Но Элинор не могла сказать: «Мне нет дела до этого». Господи, а что вообще она может сказать? Ей нужна работа, она отчаянно нуждается в деньгах.
— Бог дал, Бог и взял, да славится имя Божье, — пробормотал Тони, ловко стянул кольцо с ее пальца, положил его обратно на бархатную подушечку и бросил коробочку в открытую сумку Элинор. И добавил: — И, ради Бога, не потеряйте его. Я не думаю, что если вам вздумается щеголять с кольцом перед Джилл, то это будет особо умное решение в данный момент. — Элинор молчала, и Энтони Мондейн произнес таким голосом, которого она прежде никогда не слышала: — Я хочу поцеловать тебя. Но тут по улице прется целый выводок ребят из колледжа. А я сейчас не в том настроении, чтобы забавлять молодое поколение. Позже, дорогая. Я обещаю. Обещаю, конечно уж, без обмана.

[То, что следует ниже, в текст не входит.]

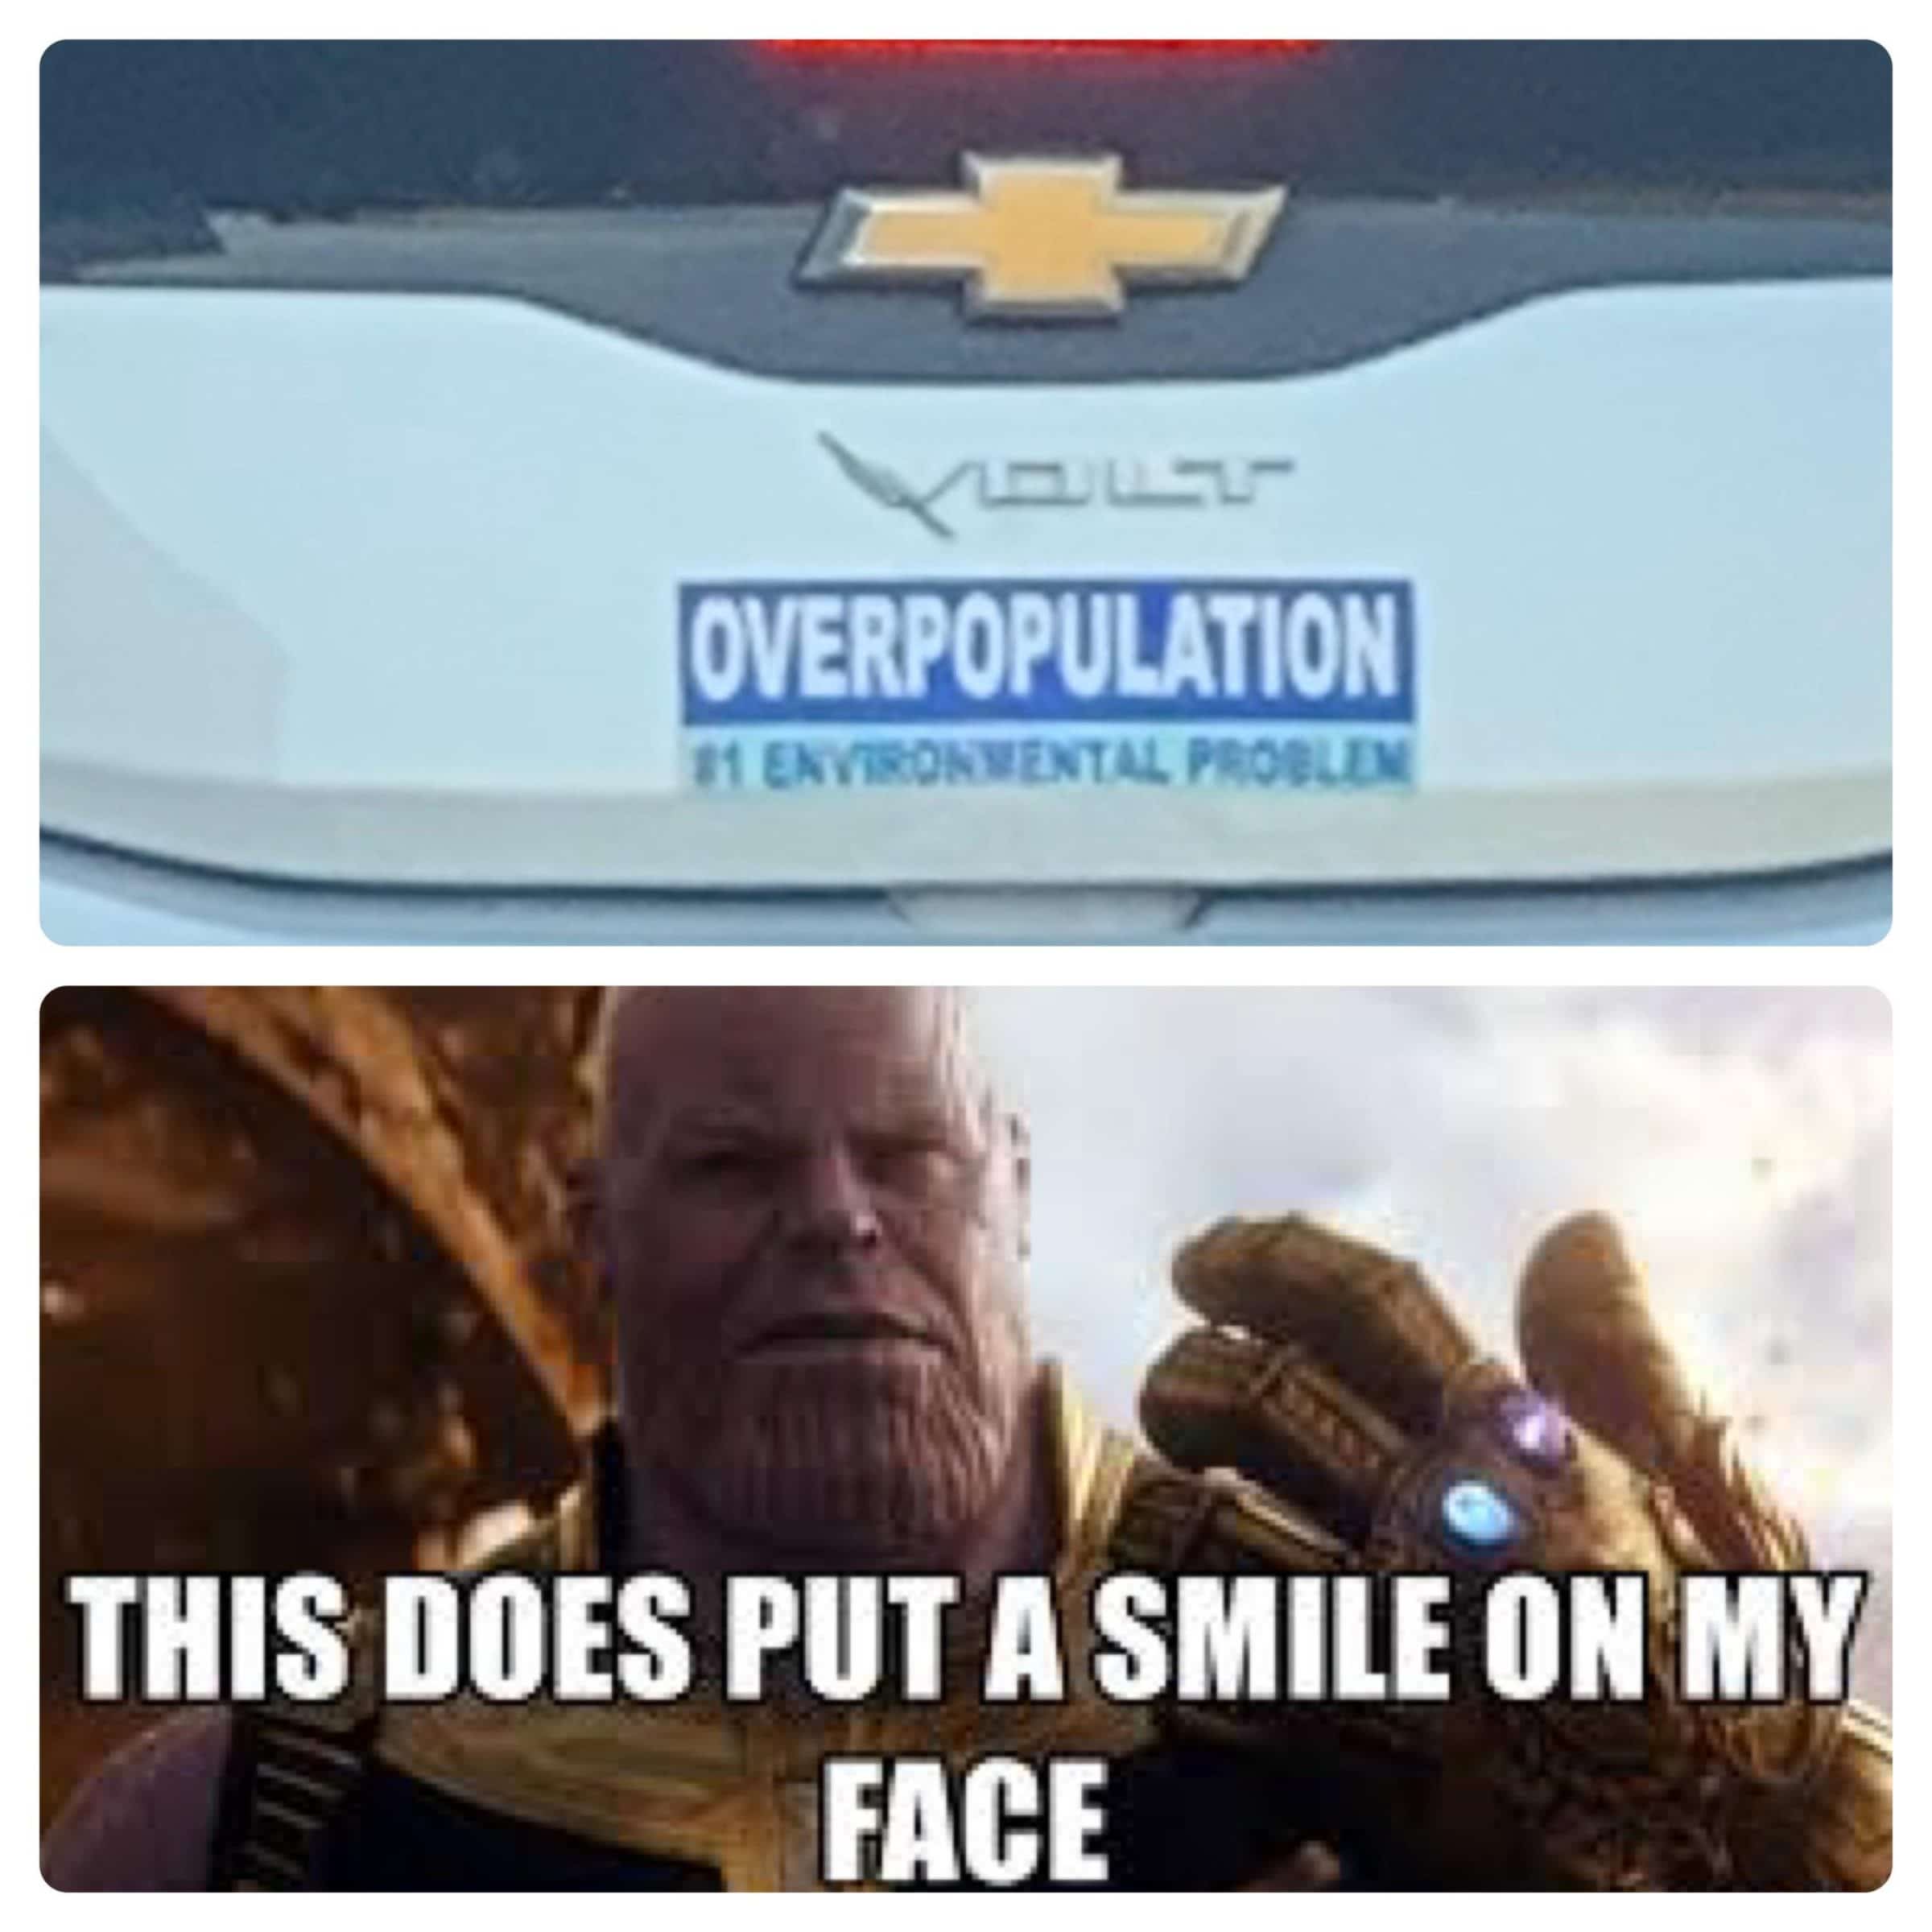 thanos avengers-memes thanos text: OVERPOPULATION THIS DOES PUT A SMILE ON MY FACE

Элинор машинально огляделась и увидела сотню ребятишек, закутанных в пальто, которые шли парами в публичную библиотеку и старательно разбивали лед в каждой луже, которая попадалась на их пути.
Энтони подал машину назад, развернулся и поехал по улице, нахмурившись из-за того, что грязные комья снега пачкали борта щегольского автомобиля.
Один из ребятишек в неряшливом дождевике пронзительно закричал:
— Позже, милашка!
Тони засмеялся.
— Точно, — сказал он Элинор, молчаливо сидящей рядом с ним. — Я и сам лучше бы не сказал.